What Kind of Marketing Communication You Might Receive from Us
Within the scope of your consent to receive Marketing Communication from Us, you will be receiving information about:
Our products and services, which is customized to your interests and preferences; Our latest marketing newsletters and special offerings;
Advertisement;
News updates about Us and Our collaborations with other third parties;
Our upcoming sales and promotions;
Products and services offered by Our affiliate companies, including their marketing newsletters, special offers, advertisements, sales and promotions, as outlined in section 3 of this Direct Marketing Policy.
With Whom We Share Your Data for Direct Marketing Purposes
We may share your personal data with the following parties for direct marketing purposes:
Our affiliates, which implies entities affiliated with/related to Us, i.e. any entity and/or person that is directly or indirectly controlled by Us, is under common control with Us or is controlled together with Us by other affiliated entity in consideration of common business interests. For the purposes of this Section, term “control” means possession, directly or indirectly, of the power to direct or cause the direction of the management and policies of an entity/person, whether through the ownership or control of interests or voting securities, by contract or otherwise.
Sharing is carried out in the frame of corporate governance/management structure and common business and marketing interests within Our group of affiliates, to provide you with their marketing newsletters and special offerings regarding their products and services.

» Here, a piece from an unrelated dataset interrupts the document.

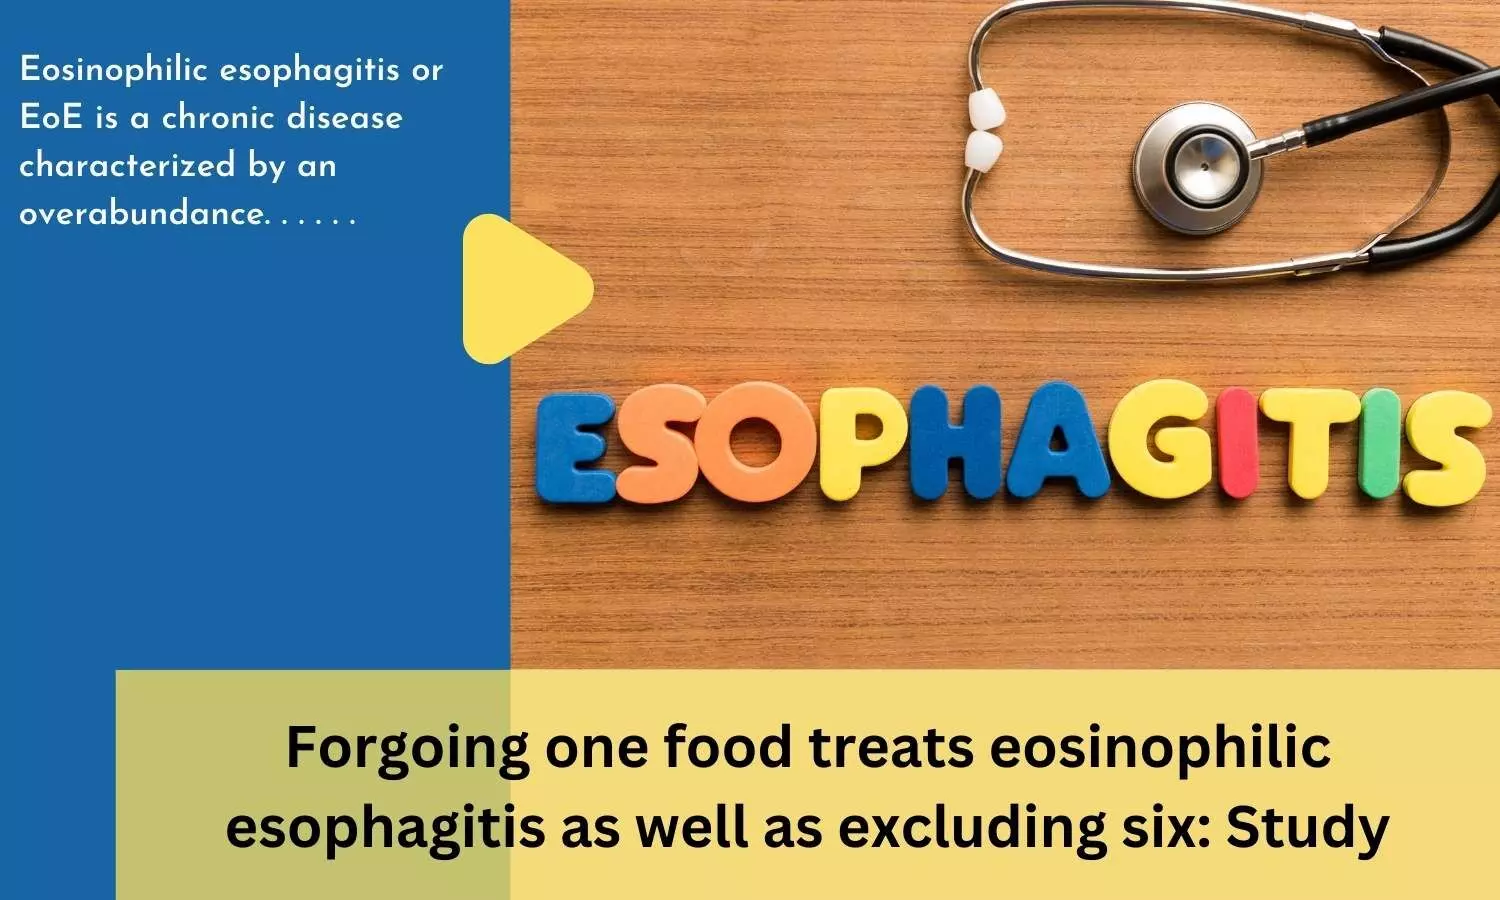 Forgoing one food treats eosinophilic esophagitis as well as excluding six: Study

Our employees, who need to have access to and process Your personal data solely for direct marketing purposes and who are bound by the same degree of confidentiality obligations with respect to proper handling, processing, storing and non-disclosure of your personal data;
If You Do Not Wish to Receive Marketing Communication from Us Anymore
Withdrawing your consent from direct marketing is just as easy as giving consent:
Every Marketing Communication sent to you has an integrated Unsubscribe tool allowing you to easily opt-out of receiving any Marketing Communication from Us;
Alternatively, you can also address us on the contact details indicated in section 6 of this Direct Marketing Policy.
Please, Note: If you opt-out of receiving direct marketing from Us, You will no longer receive any of Our Marketing Communications. We will ensure this opt-out request is processed within statutory timeframes
Withdrawing Your consent with Us will automatically result in withdrawing consent on receiving Marketing Communication from Our affiliates too. Therefore, You will not need to take any extra actions for them to cease Marketing Communication.
Storage Security and Duration
We treat Your Personal Information with utmost diligence and confidentiality and have implemented all the necessary technical and organizational security measures for the purposes of protecting this Information from unlawful usage, loss, alteration, erasure, processing or any other unauthorized forms of access to and impact on such Personal Data. These measures imply the storage of Your Personal Data on a secure electronic data base accessible only to a limited number of individuals, in accordance with internal standard operational procedures implemented and made binding by Us for Our personnel to comply with.
We further ensure that all the third parties comply with the same rules and procedures.